Cassar admitted to a judge that she befriended and then bilked her elderly next-door neighbors out of more than $800,000 with elaborate lies involving a dead daughter in Washington, D.C., and an ex-husband being accused overseas of killing her sister.

She pleaded guilty Thursday in federal court in Minneapolis to wire fraud in a scheme that spanned more than six years, funded international trips and financed her unrealized dream of a multimillion-dollar Italian-style villa that she envisioned on an expansive piece of land in Rochester.

In all, Cassar, 61, collected $840,000 in 375 transactions with the couple, who are in their early 90s and who "despite modest education and jobs … accumulated a life savings of nearly $1 million through their diligence and frugality," according to a court filing.

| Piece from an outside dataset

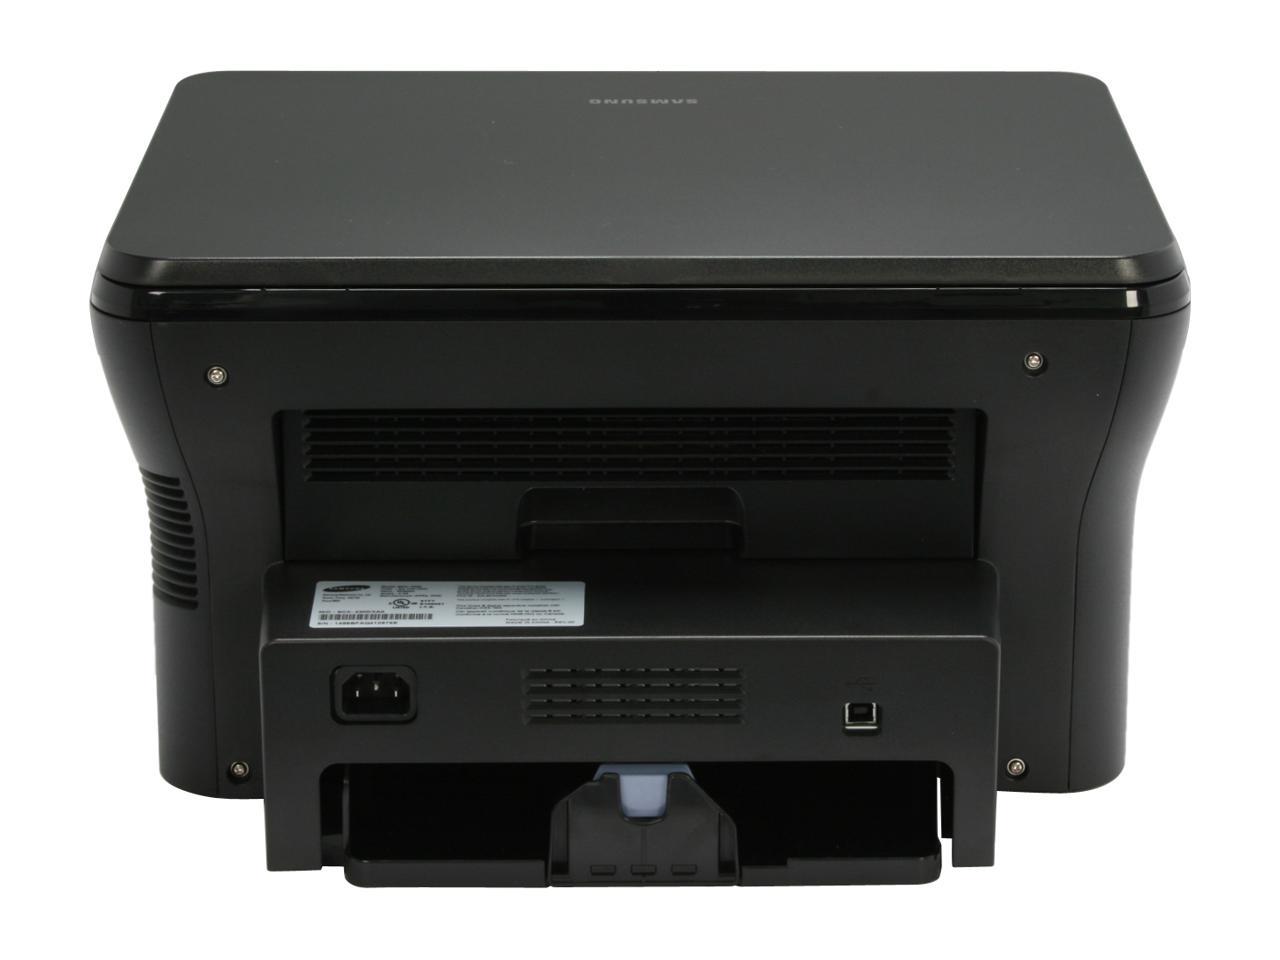 SAMSUNG SCX-4300 MFC / All-In-One Monochrome Laser Printer ...

The husband, who asked that his name not be used, worked in maintenance for nearly four decades, reinvesting every cent of interest, "like the old-timers taught me," he said. "We saved so we wouldn't be a burden to our children."

After a lifetime of scrimping, "to lose all you've got at the tail end," he said, sitting Friday afternoon in the living room of the house they've owned since 1946. "It's hard to accept. It's damn hard to accept."

The couple got to know Cassar "over the fence," he said. He'd often be in the back yard, carving willow into walking sticks or harvesting tomatoes in the garden. They'd invite Cassar for coffee on their patio, just as they do other neighbors walking up the alley.

"If we're going to be neighbors, we've gotta know each other," said his wife of 71 years.

Wearing a crisp blue shirt and suspenders, he lowered his eyes and straightened his thick fingers when asked about Cassar's stories and why they believed them. That, he said, he doesn't want to talk about.

"Certain things, you have to mull them over quite a while," he said. It's similar to serving in the military, the World War II veteran continued. "When you first get out, you don't have much you want to say."

Cassar answered the doorbell at her small, well-landscaped home Friday. "Oh, I'm not interested in talking," she said, quickly shutting the door. Her attorney, Reynaldo Aligada, also declined to comment.

From May 2006 through September 2012, Cassar coaxed the couple into giving her money for travel to Washington, D.C., so she could attend to the affairs of her daughter's death in a car crash, including buying a dress for her burial, according to court documents.

The couple also gave Cassar money to travel to Italy to help bring to justice a former business associate who had defrauded her.

The stories were all lies.

Cassar assured the couple that they would be repaid once she collected an inheritance from her father's estate, money that the former business associate had stolen. But there was no inheritance. Over the entire time of the scheme, Cassar paid back $1,300 to the couple.

To back up some of her yarns, Cassar showed the couple airline itineraries for her flights to Italy.

Cassar spent the money to take a vacation in Europe with her son and others; to take Rochester-area homebuilder Les Radcliffe and famed Florida architect John Henry — and their spouses — to Italy to study architecture in preparation for designing a home; and to pay for interior design services from Danielle Loven of Vivid Interior of Minneapolis.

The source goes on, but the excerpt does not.